▸ **PROBLEM DESCRIPTION**
Set out exactly every line of the entries below, starting at the line that holds "ÄLTERE POSTKARTE MESSESTADT" and stopping after the line that holds "1880-1914, s. 83".

(DATASET RECORDS begins)

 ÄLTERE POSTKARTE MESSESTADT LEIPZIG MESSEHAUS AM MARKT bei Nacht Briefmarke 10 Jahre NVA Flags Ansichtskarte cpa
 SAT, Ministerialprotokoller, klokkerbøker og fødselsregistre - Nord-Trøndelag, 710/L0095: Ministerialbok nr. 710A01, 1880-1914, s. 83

(DATASET RECORDS ends)
(DATASET RECORDS begins)

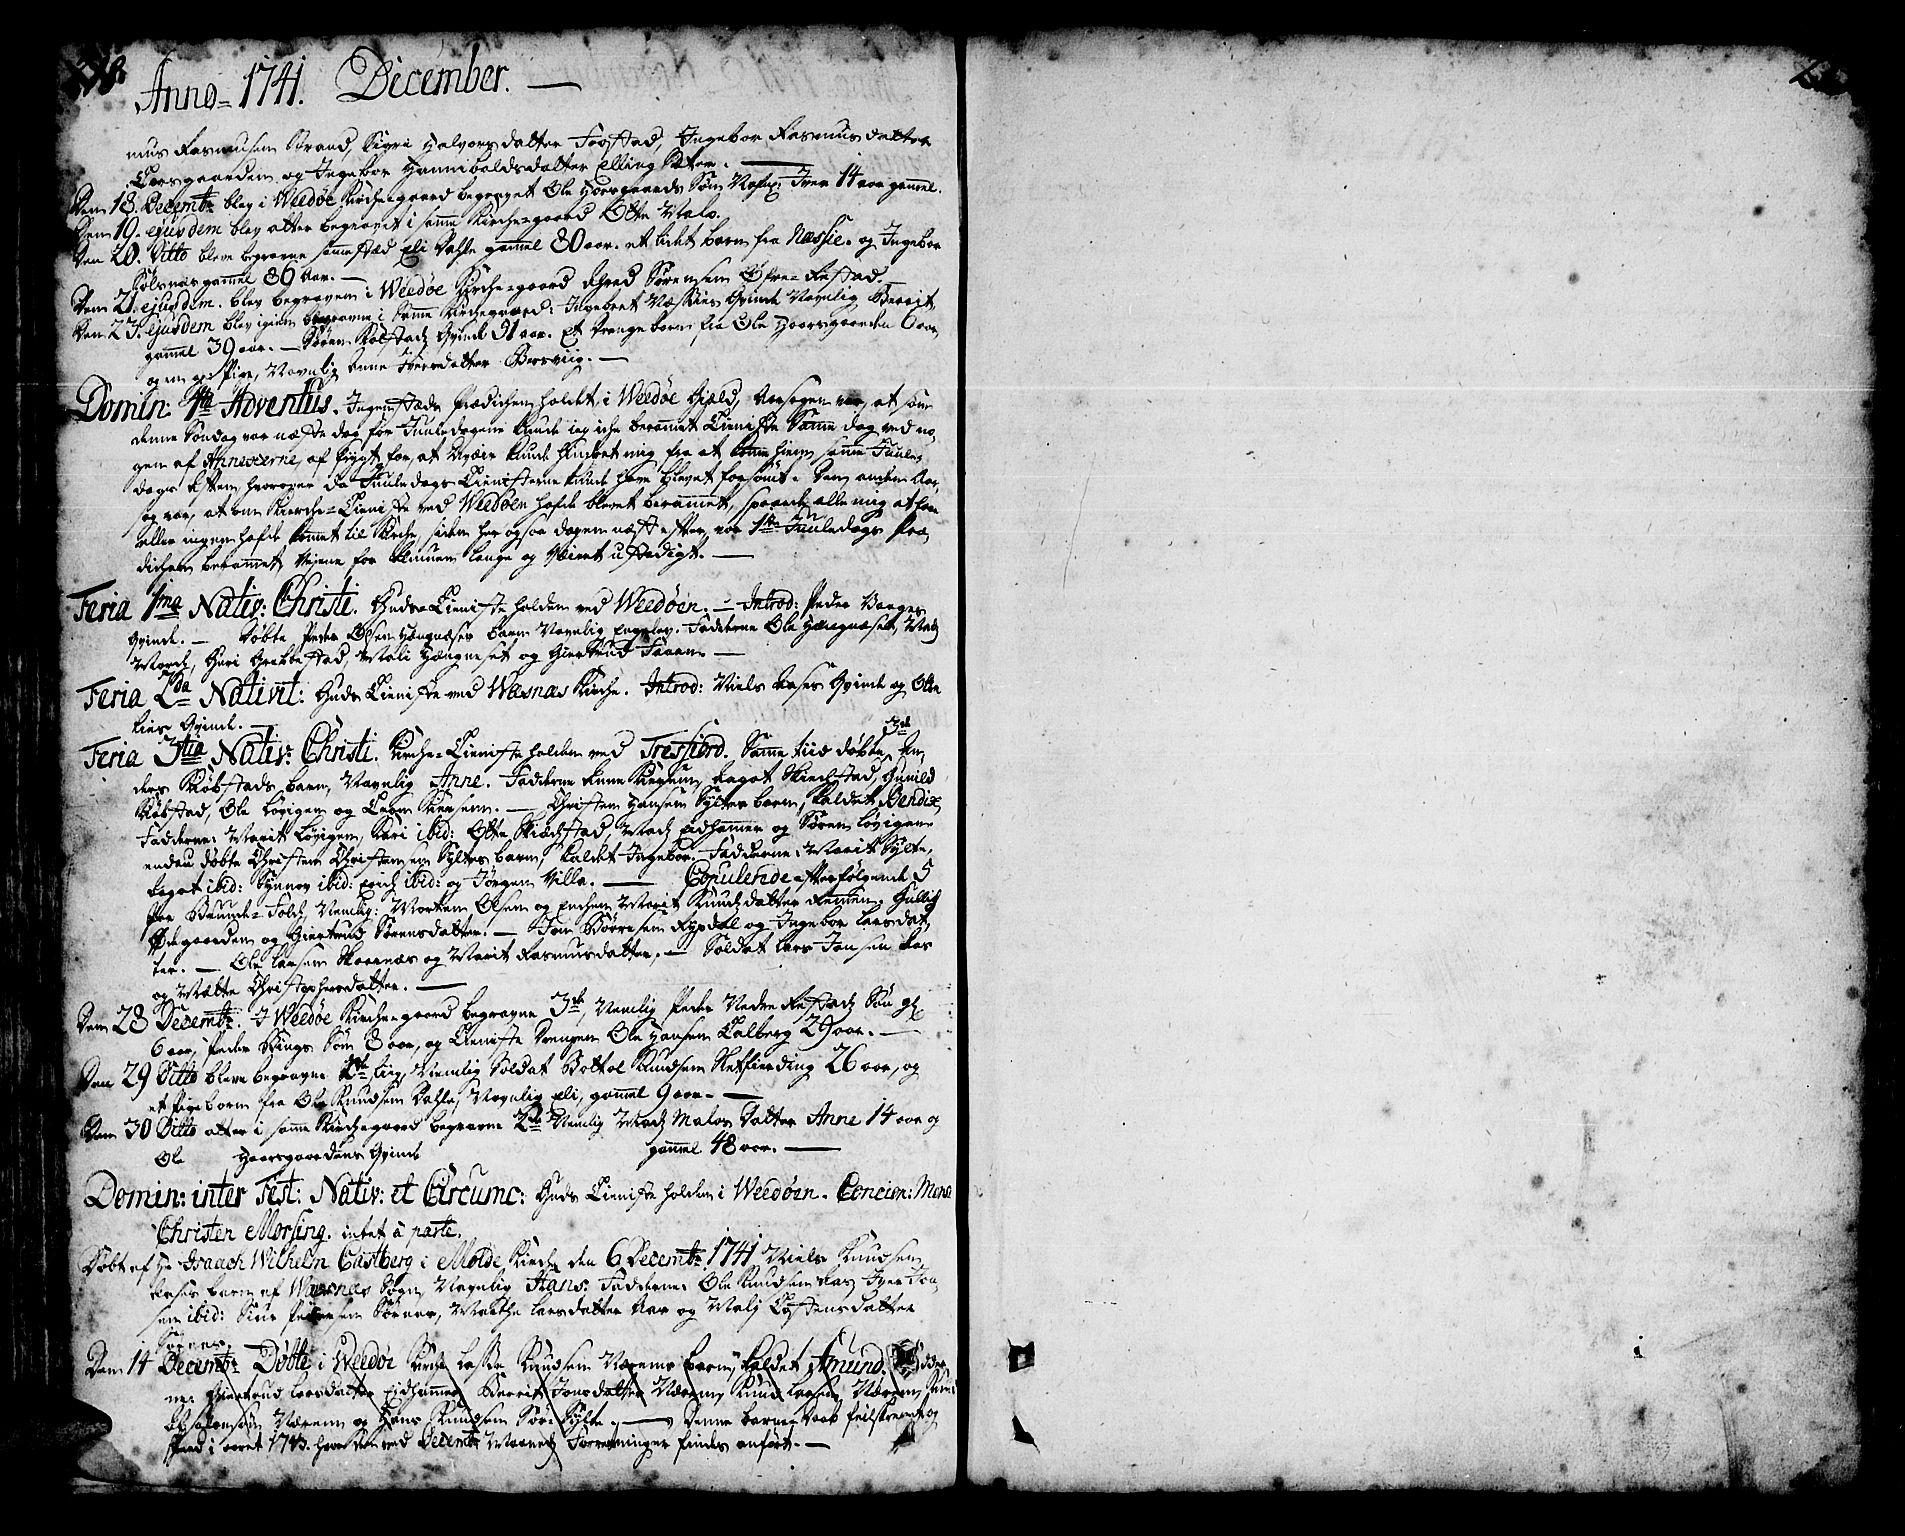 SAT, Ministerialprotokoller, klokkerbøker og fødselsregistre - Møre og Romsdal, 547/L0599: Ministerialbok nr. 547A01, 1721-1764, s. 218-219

(DATASET RECORDS ends)
(DATASET RECORDS begins)

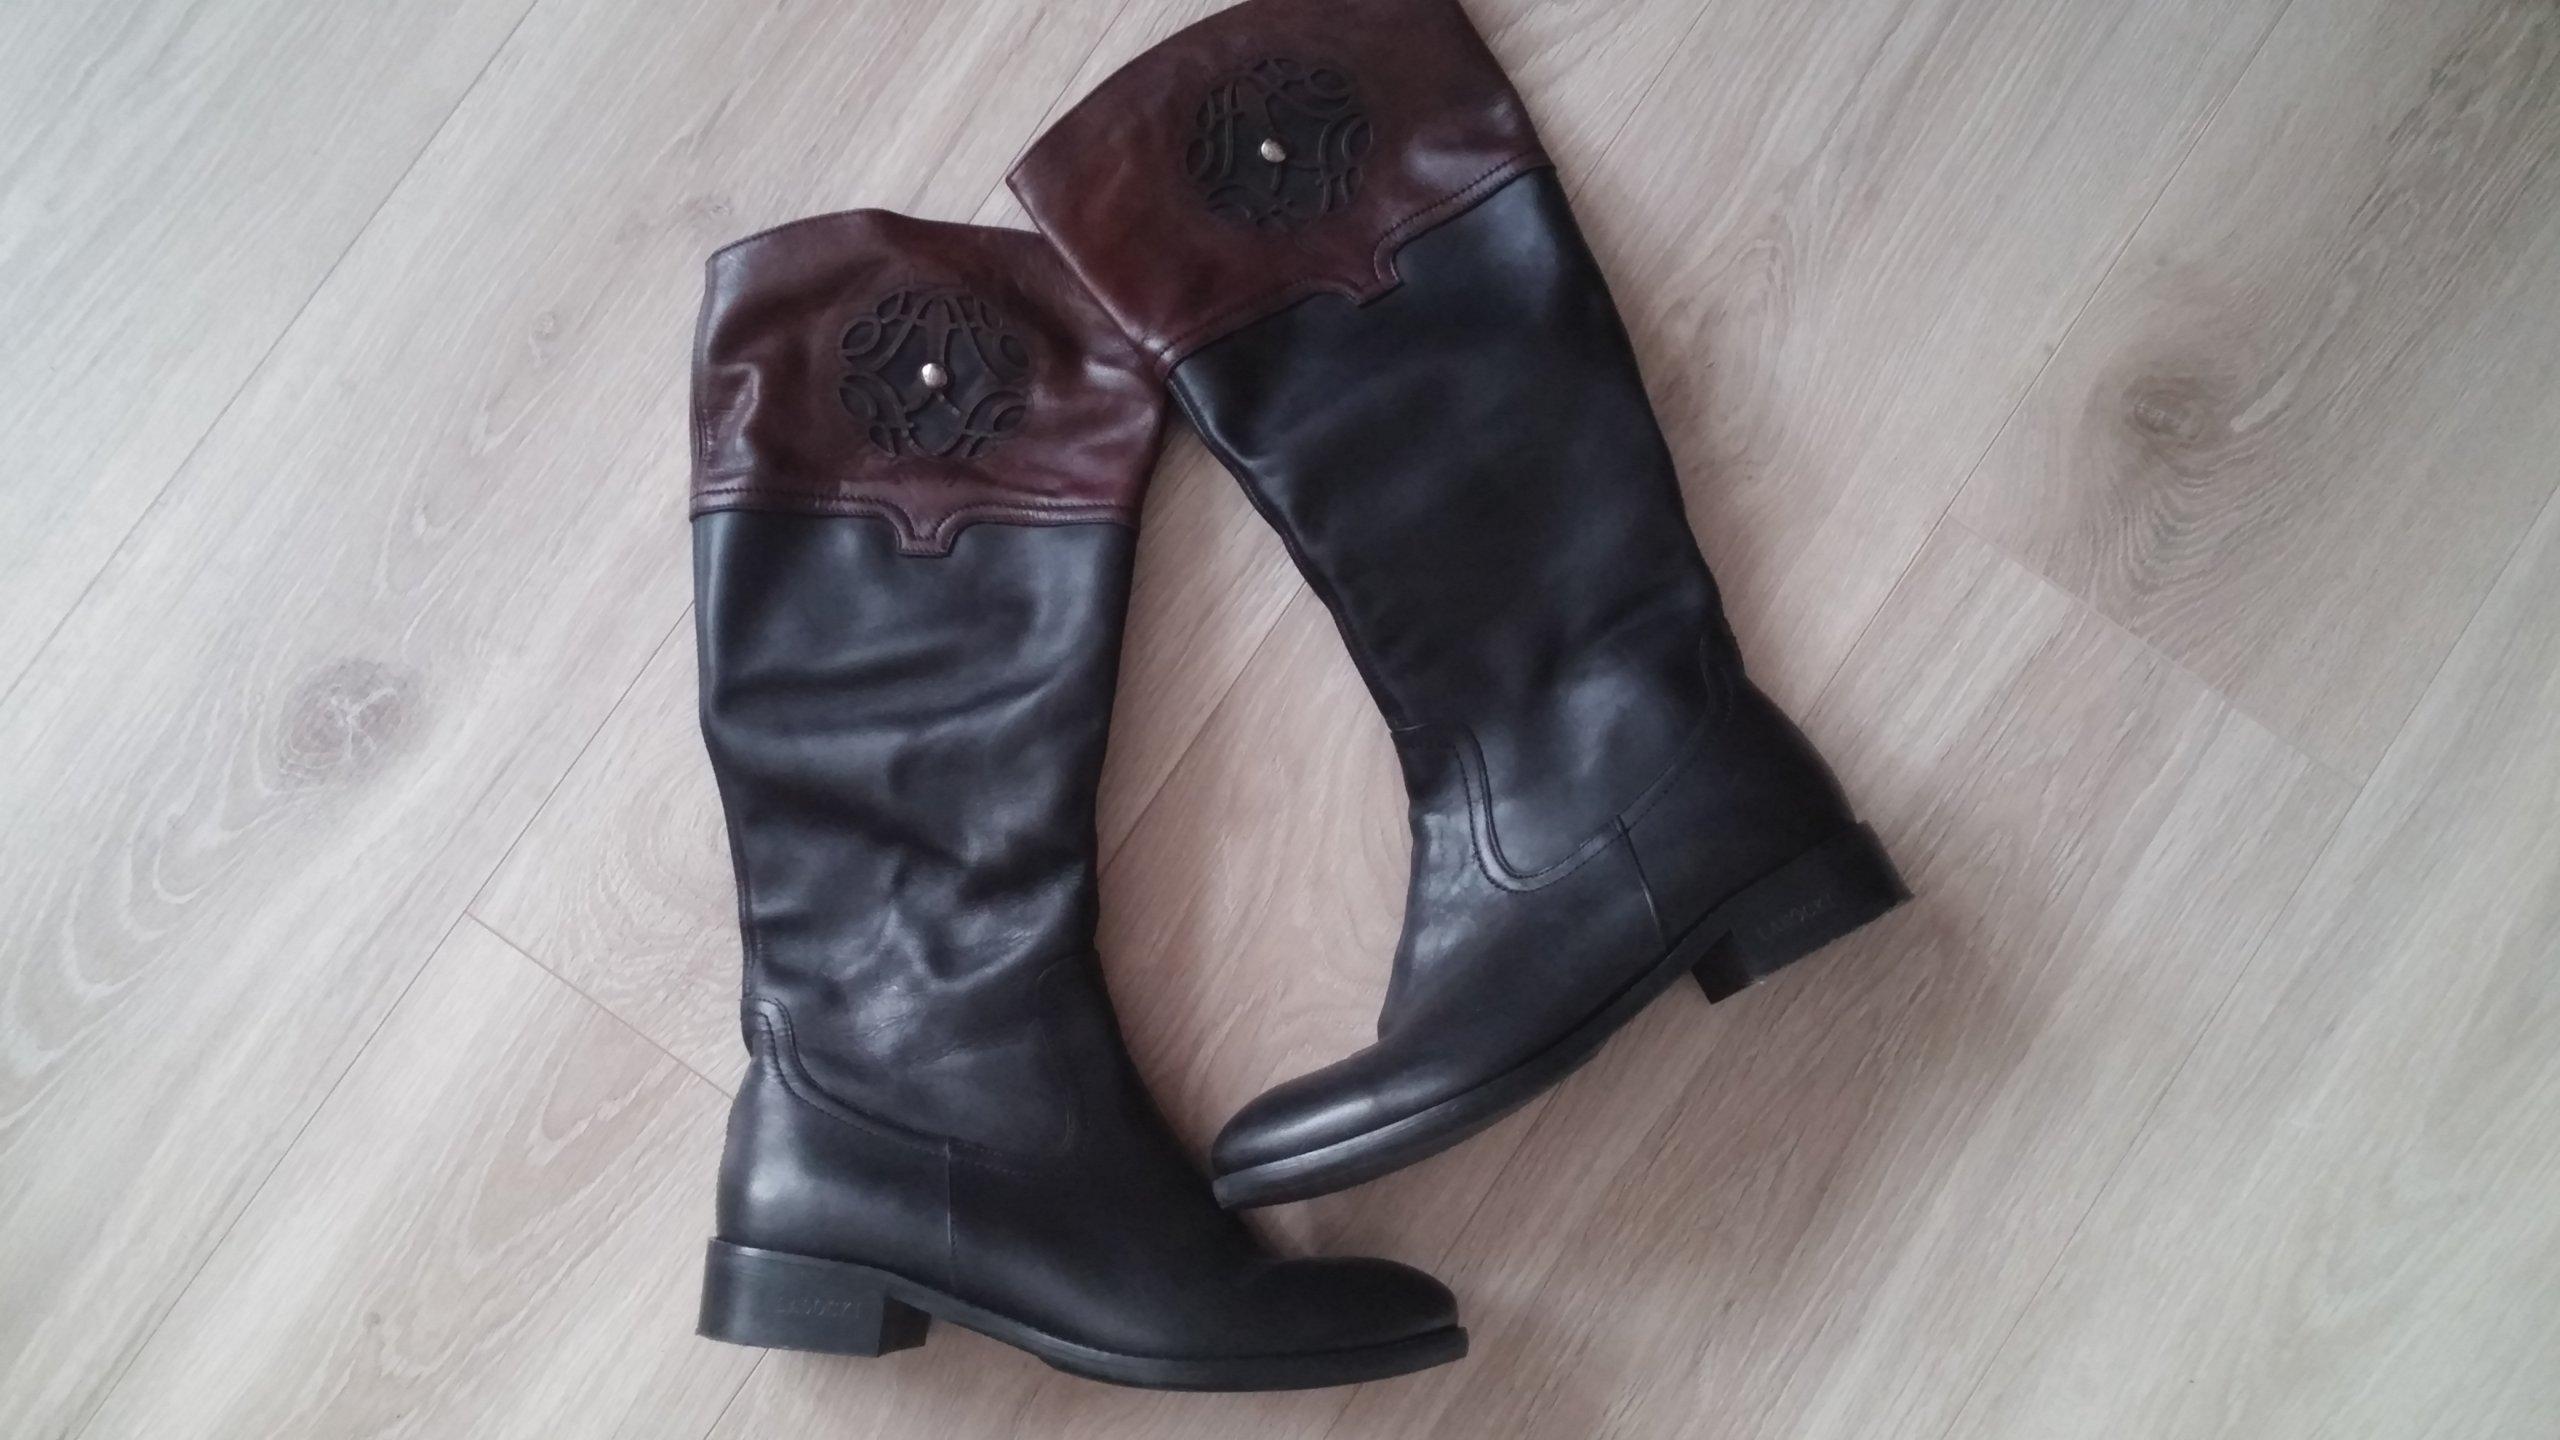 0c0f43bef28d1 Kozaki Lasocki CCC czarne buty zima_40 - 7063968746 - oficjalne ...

(DATASET RECORDS ends)

▸ **ANSWER SECTION**
 ÄLTERE POSTKARTE MESSESTADT LEIPZIG MESSEHAUS AM MARKT bei Nacht Briefmarke 10 Jahre NVA Flags Ansichtskarte cpa
 SAT, Ministerialprotokoller, klokkerbøker og fødselsregistre - Nord-Trøndelag, 710/L0095: Ministerialbok nr. 710A01, 1880-1914, s. 83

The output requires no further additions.